Falta , em absoluto , a todos o senso do gigantesco . Falam como Sansões e agem como anões , como o pequeno Polegar .
Uma estátua da altura de sessenta metros parece , a seus olhos , um colosso ; um edifício de cento e cincoenta metros , um desafio aos céus ; uma torre de trezentos metros , um portento único ; uma ponte de alguns quilômetros , uma vitória do gênio humano ; uma cidade onde vivem dez milhões de pessoas , isto é cem vezes mais deserta do que em certos formigueiros , supõem uma metrópole imensa e uma população de cem milhões parece interminável .
Nunca vi pobres tão extasiados diante das obras de industriais tão mesquinhos .

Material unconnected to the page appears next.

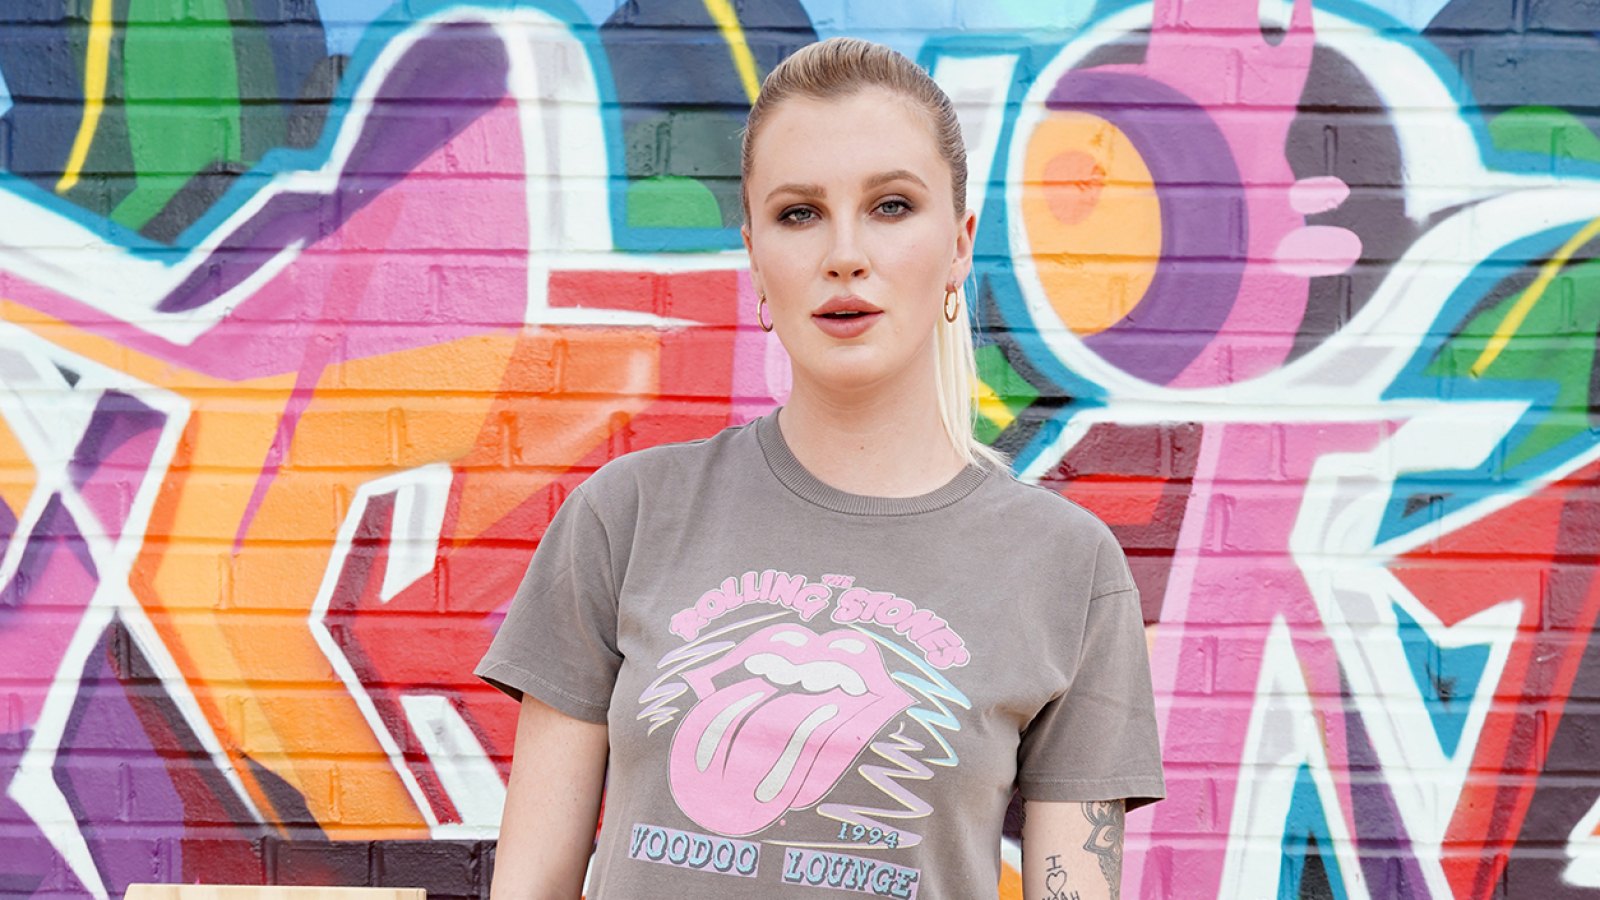 Ireland Baldwin Credits Cheesecake Factory Bread for Fuller Chest

Quando me vi pela primeira vez ao pé da Torre " Eiffel " , não pude deixar de rir : - aquela deselegante gaiola de ferro , que parece um brinquedo de engenheiros abandonado perto de um regato era realmente a construção mais alta da Terra ? É caso para ter vergonha de ser homem e de ter nascido neste século .
S. Pedro de Roma é , ao que dizem , a maior igreja do mundo e tem como vestíbulo uma praça que podia ser o modelo reduzido de um dos meus sonhos mas quando se entra na Nave , fica-se desiludido - isto é tudo ? em poucos passos encontramo-nos sob a cúpula .
Não quero dizer que seja feia , uma vez que os especialistas a admiram mas as dimensões são incrivelmente miseráveis .
Se o Imperador do Mundo - que qualquer dia há-de reunir sob seu domínio as pequenas províncias hoje chamadas de reinos e repúblicas - construísse um palácio real digno dele , uma cúpula como a de Miguel Ângelo poderia , quando muito , ser a abóbada de um átrio de serviço . Quanto ao Coliseu seria , imagino , um pequeno pátio de passagem para as cozinhas .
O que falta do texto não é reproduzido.